Comments: Bodenheimer (1944b) recorded P. camelicola from Iran, but neither his material nor any other specimens from Iran have been seen in the present study so it has not been possible to confirm its presence in the country. It is possible that Bodenheimer’s (1944b) record may have been a misidentification of P. floccifera .

In the past, several little-studied species (including P. camelicola ) have been misidentified as the well-known polyphagous pest species, P. floccifera , because its original description is too brief and subsequent redescriptions were based on misidentified material. This situation subjectively invalidates the identity of P. floccifera because several species have been studied under the same (inappropriate) scientific name in the absence of type fixation, leading to taxonomic confusion ( García Morales et al. 2016).

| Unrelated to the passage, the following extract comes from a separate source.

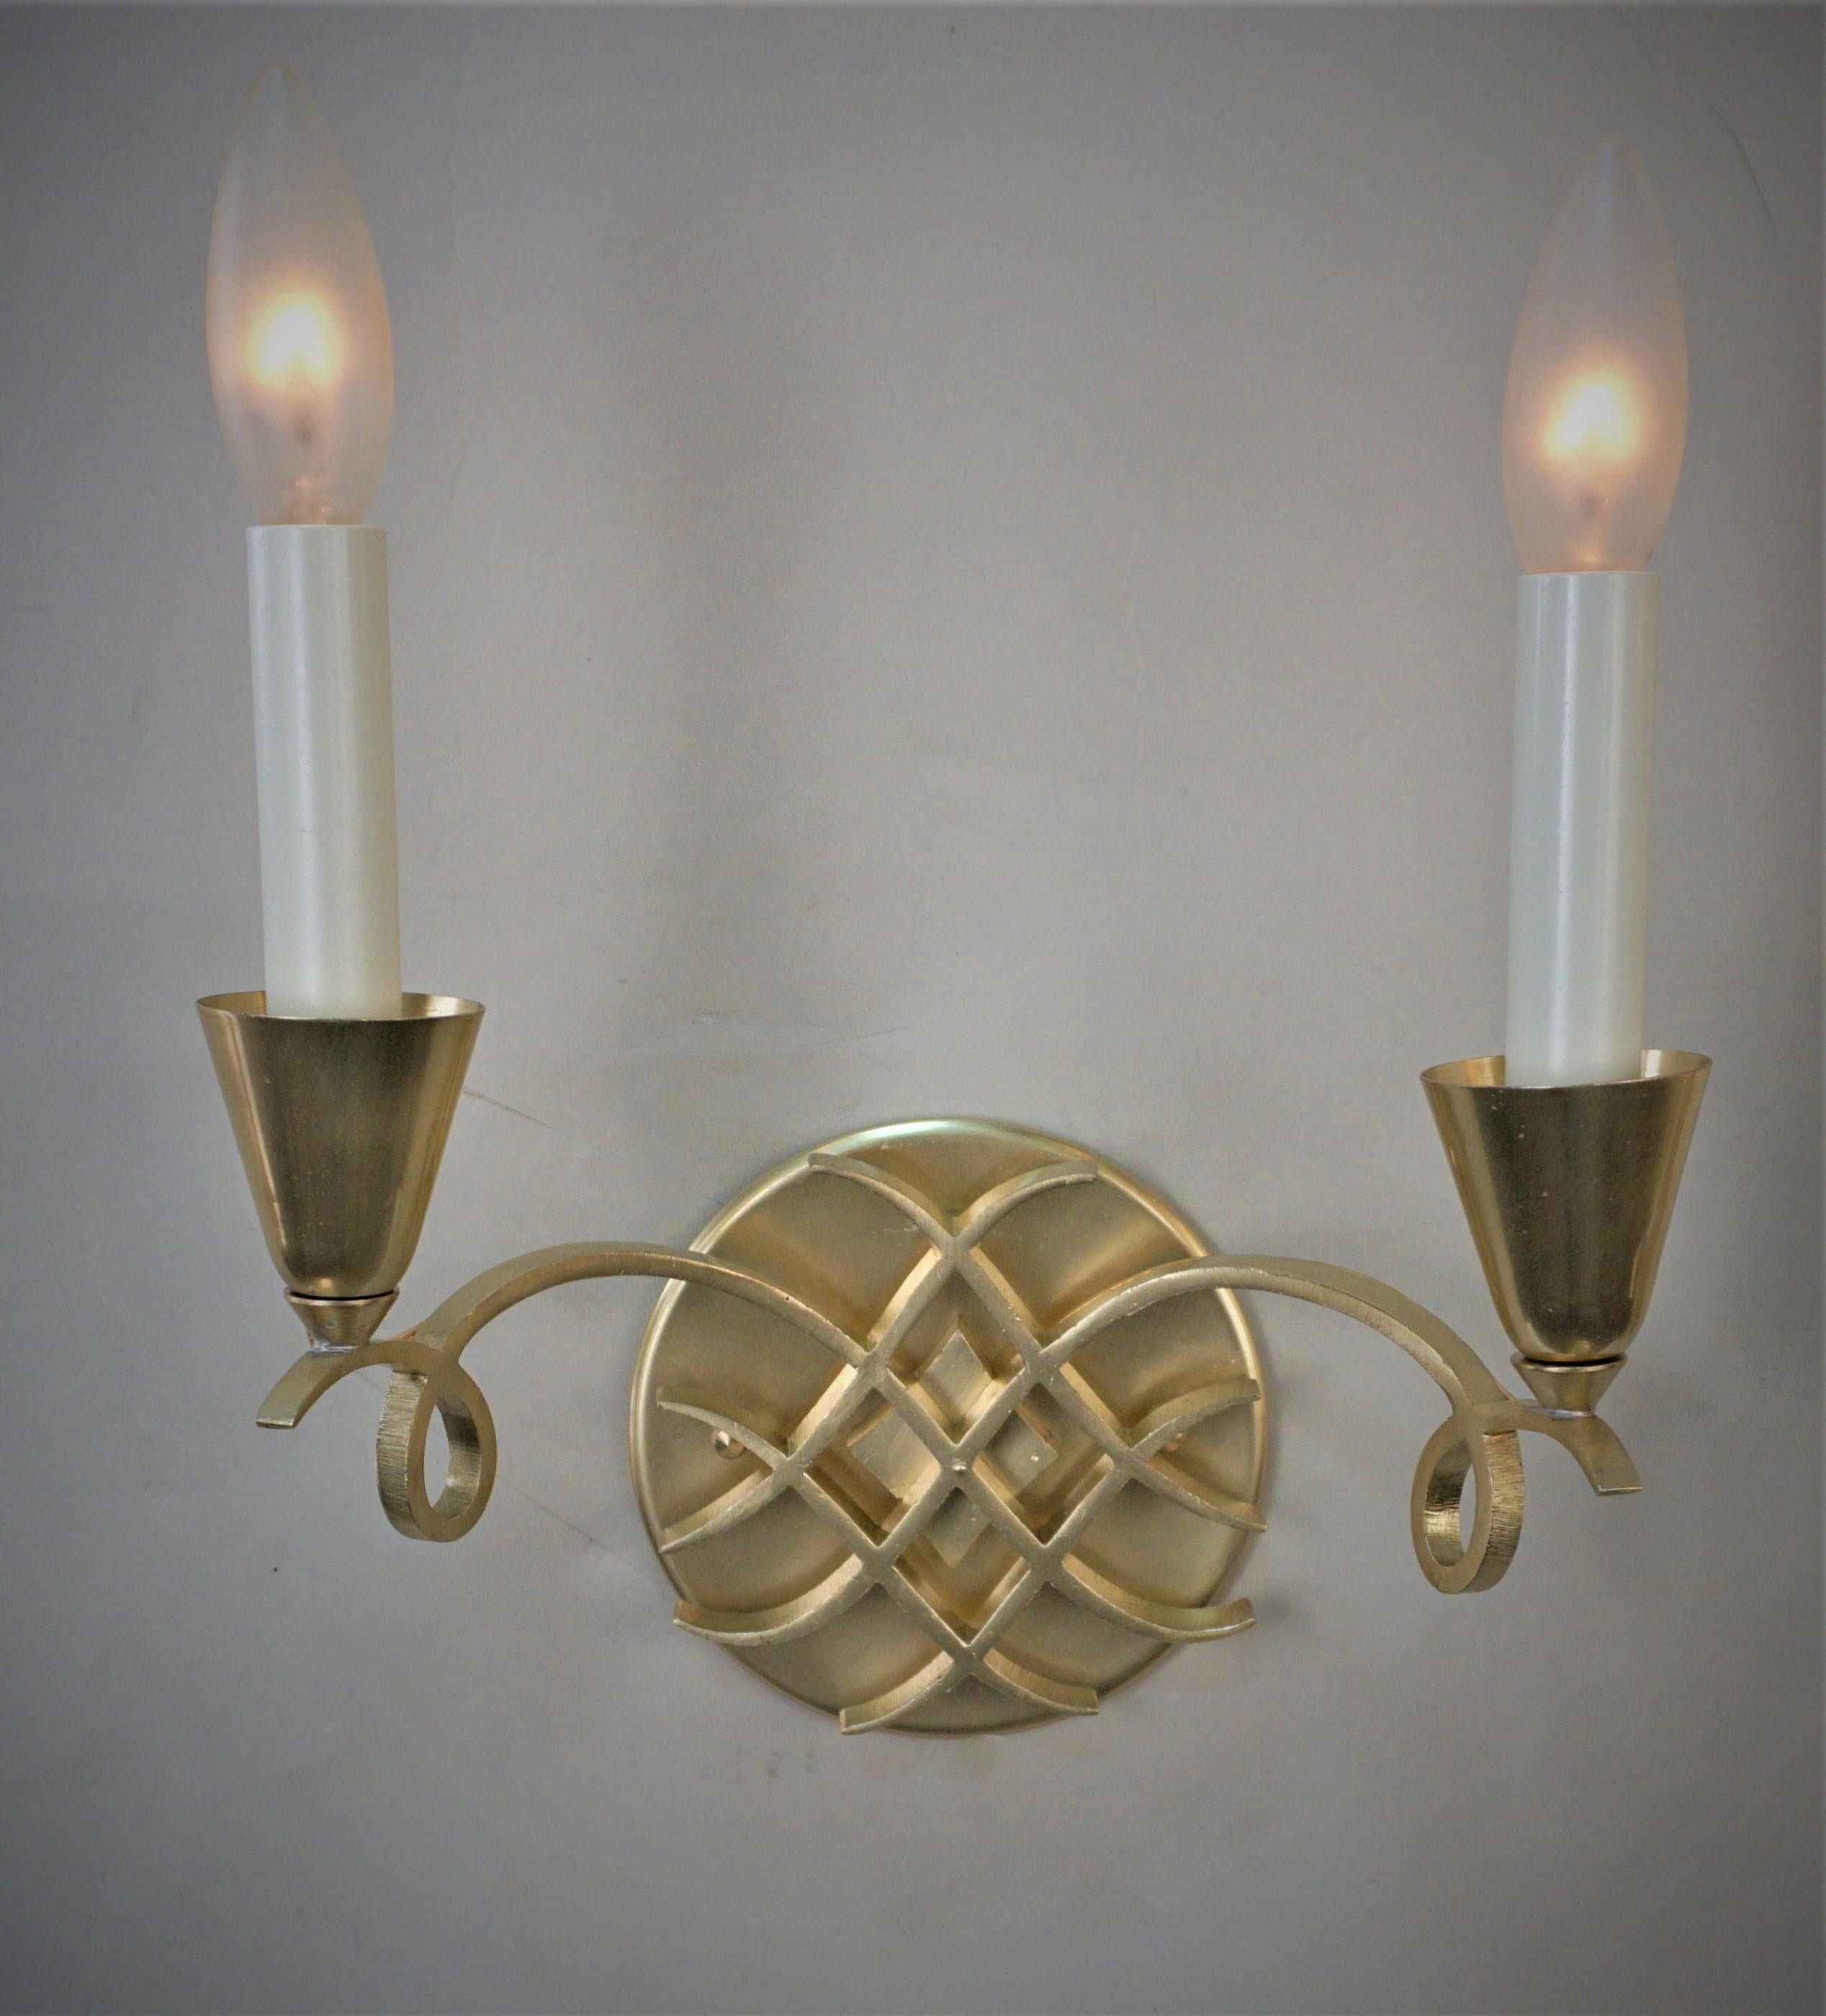 Pair of 1950's double arm satin finish bronze wall sconces.
Professionally rewired and ready for installation.

Tanaka & Amano (2007) found that the morphology of five adult female syntypes of P. floccifera did not correspond with the descriptions of several of the species that were considered synonyms. To confer taxonomic stability to P. floccifera , in accordance with the provisions of Article 23.3.5 of the Fourth edition of the International Code of Zoological Nomenclature ( ICZN 1999), its oldest synonym ( P. camelicola ) was revived and redescribed by Tanaka & Kanitani (2022) based on Japanese specimens of a distinct species hitherto misidentified as P. floccifera . However, they could not determine which other species had been misidentified as P. floccifera because of the difficulty of obtaining the relevant type specimens for study. Aspects of this taxonomic confusion therefore have not yet been resolved and molecular studies are needed to further elucidate the species boundaries.

As presently understood, P. camelicola is close to P. floccifera and P. urbicola in having multilocular disc-pores each with 6‒8 loculi and similarly distributed ventral tubular ducts, each with a filamentous inner ductule and lacking a terminal gland ( Tanaka & Kamitani 2022). Pulvinaria camelicola differs from these species by having (contrasting character states of P. floccifera and P. urbicola given in parenthesis): (1) large, well-developed dorsal areolations (areolations rarely present, small and restricted to submarginal areas); and (2) dorsum with a small number of tubular ducts (dorsum mostly lacking tubular ducts) ( Tanaka & Kamitani 2022).